START Provided data
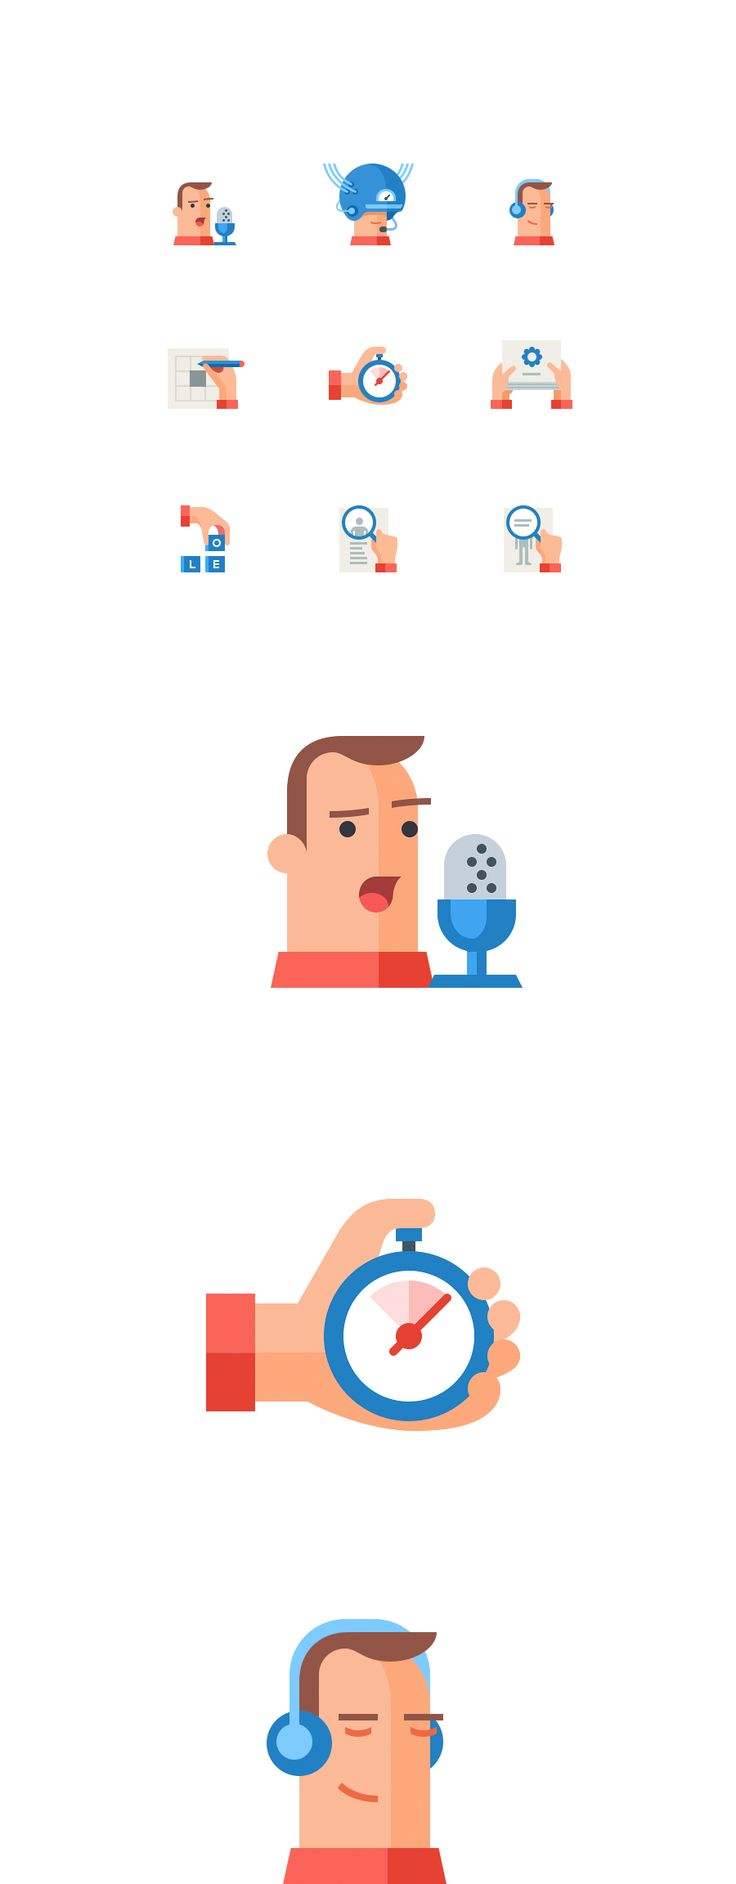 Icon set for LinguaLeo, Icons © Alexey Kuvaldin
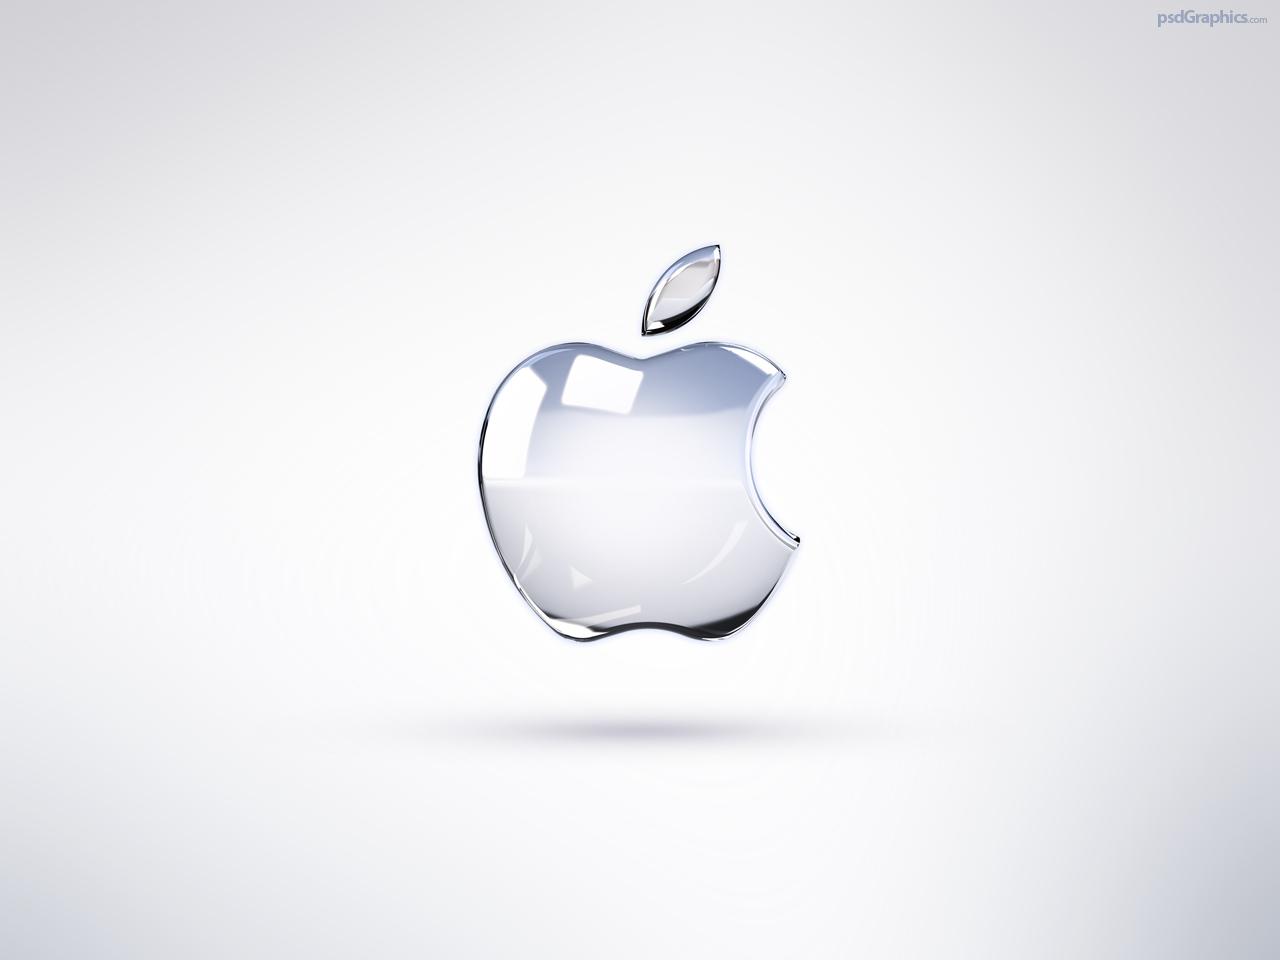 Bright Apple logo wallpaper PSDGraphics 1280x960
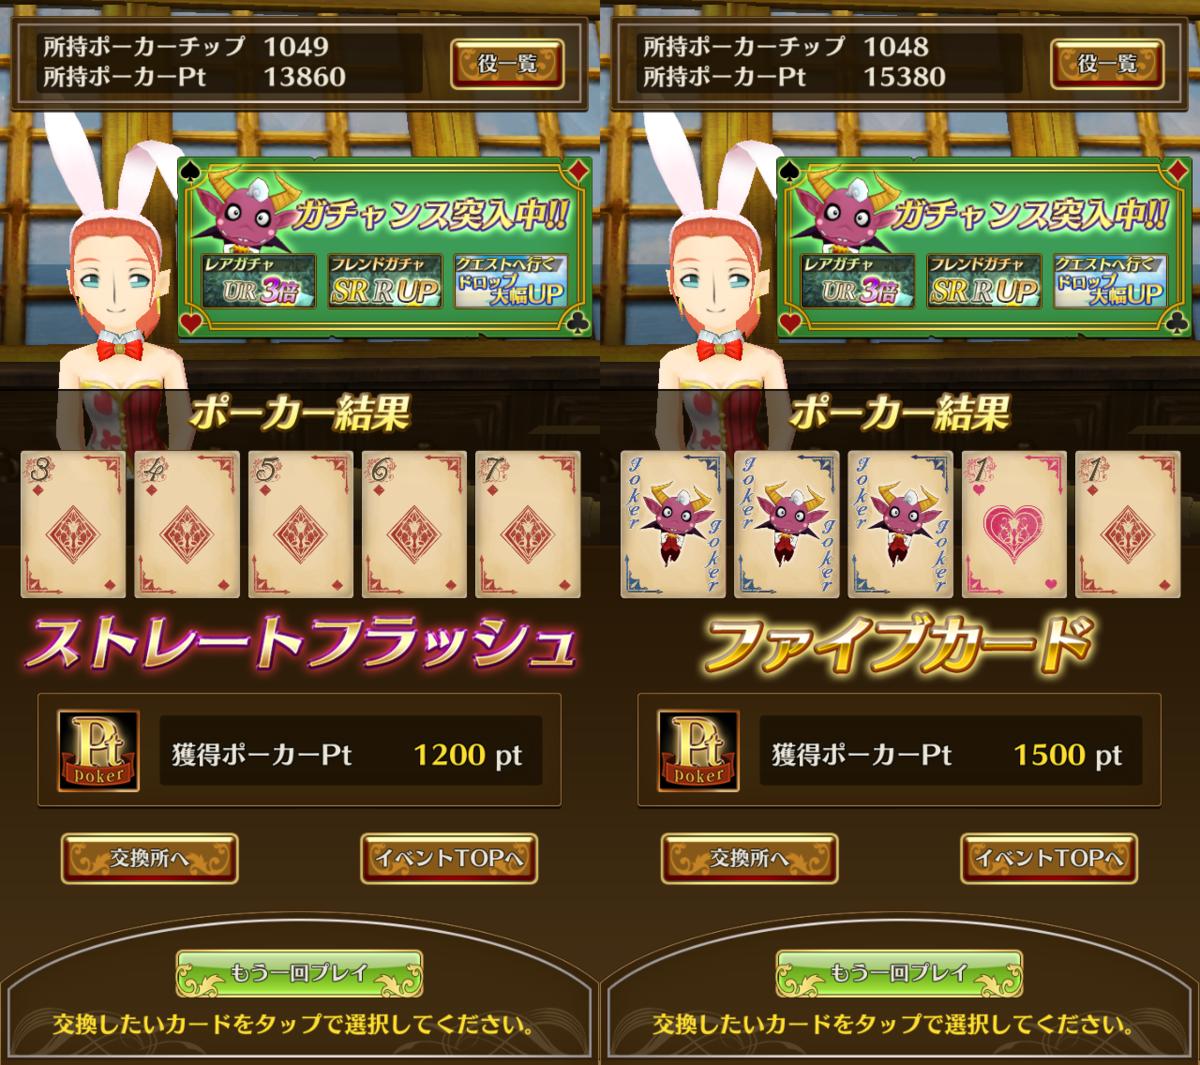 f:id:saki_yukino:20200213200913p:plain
END Provided data
_What is being asked_. Transcribe the whole of the data exactly, minus any pictures.

_Solved problem_.
 Icon set for LinguaLeo, Icons © Alexey Kuvaldin
 Bright Apple logo wallpaper PSDGraphics 1280x960
 f:id:saki_yukino:20200213200913p:plain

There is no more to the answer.